Your output should be the line with "11_WALL_corner_detail_001.png" followed by every remaining line of the entries, reproduced exactly.

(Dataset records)
● ● ● ● ●

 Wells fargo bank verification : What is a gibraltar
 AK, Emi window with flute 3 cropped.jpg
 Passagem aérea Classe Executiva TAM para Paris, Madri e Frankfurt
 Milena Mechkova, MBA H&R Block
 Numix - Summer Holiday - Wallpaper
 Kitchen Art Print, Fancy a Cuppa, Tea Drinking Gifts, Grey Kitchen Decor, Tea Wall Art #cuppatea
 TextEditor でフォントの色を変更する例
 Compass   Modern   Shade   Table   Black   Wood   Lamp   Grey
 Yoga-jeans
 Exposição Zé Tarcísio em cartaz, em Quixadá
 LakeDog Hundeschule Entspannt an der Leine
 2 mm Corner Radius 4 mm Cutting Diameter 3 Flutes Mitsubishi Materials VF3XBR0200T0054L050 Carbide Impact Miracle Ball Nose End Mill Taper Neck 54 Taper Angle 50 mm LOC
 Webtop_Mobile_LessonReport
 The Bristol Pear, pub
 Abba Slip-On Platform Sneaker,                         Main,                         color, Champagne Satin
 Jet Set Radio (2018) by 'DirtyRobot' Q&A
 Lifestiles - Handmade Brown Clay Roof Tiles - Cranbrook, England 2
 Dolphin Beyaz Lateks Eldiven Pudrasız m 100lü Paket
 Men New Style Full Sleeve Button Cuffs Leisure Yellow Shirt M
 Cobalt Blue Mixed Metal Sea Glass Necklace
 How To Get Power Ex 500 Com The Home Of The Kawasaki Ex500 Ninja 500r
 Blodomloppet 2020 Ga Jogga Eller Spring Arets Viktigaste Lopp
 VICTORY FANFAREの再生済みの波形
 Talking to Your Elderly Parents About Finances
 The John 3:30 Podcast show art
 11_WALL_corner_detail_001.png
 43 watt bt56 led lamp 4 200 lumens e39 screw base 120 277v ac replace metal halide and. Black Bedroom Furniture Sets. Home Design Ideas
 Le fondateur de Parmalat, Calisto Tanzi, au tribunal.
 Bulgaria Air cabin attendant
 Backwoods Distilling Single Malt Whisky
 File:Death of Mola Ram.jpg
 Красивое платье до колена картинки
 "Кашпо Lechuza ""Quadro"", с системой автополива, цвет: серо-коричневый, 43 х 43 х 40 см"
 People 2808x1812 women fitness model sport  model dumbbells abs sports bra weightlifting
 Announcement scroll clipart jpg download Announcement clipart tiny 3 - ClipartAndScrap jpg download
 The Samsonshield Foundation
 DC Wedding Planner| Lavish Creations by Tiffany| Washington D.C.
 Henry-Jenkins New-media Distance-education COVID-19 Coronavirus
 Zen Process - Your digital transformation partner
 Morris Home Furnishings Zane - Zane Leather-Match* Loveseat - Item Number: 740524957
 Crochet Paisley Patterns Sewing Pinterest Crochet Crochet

● ● ● ● ●

» Reply:
 11_WALL_corner_detail_001.png
 43 watt bt56 led lamp 4 200 lumens e39 screw base 120 277v ac replace metal halide and. Black Bedroom Furniture Sets. Home Design Ideas
 Le fondateur de Parmalat, Calisto Tanzi, au tribunal.
 Bulgaria Air cabin attendant
 Backwoods Distilling Single Malt Whisky
 File:Death of Mola Ram.jpg
 Красивое платье до колена картинки
 "Кашпо Lechuza ""Quadro"", с системой автополива, цвет: серо-коричневый, 43 х 43 х 40 см"
 People 2808x1812 women fitness model sport  model dumbbells abs sports bra weightlifting
 Announcement scroll clipart jpg download Announcement clipart tiny 3 - ClipartAndScrap jpg download
 The Samsonshield Foundation
 DC Wedding Planner| Lavish Creations by Tiffany| Washington D.C.
 Henry-Jenkins New-media Distance-education COVID-19 Coronavirus
 Zen Process - Your digital transformation partner
 Morris Home Furnishings Zane - Zane Leather-Match* Loveseat - Item Number: 740524957
 Crochet Paisley Patterns Sewing Pinterest Crochet Crochet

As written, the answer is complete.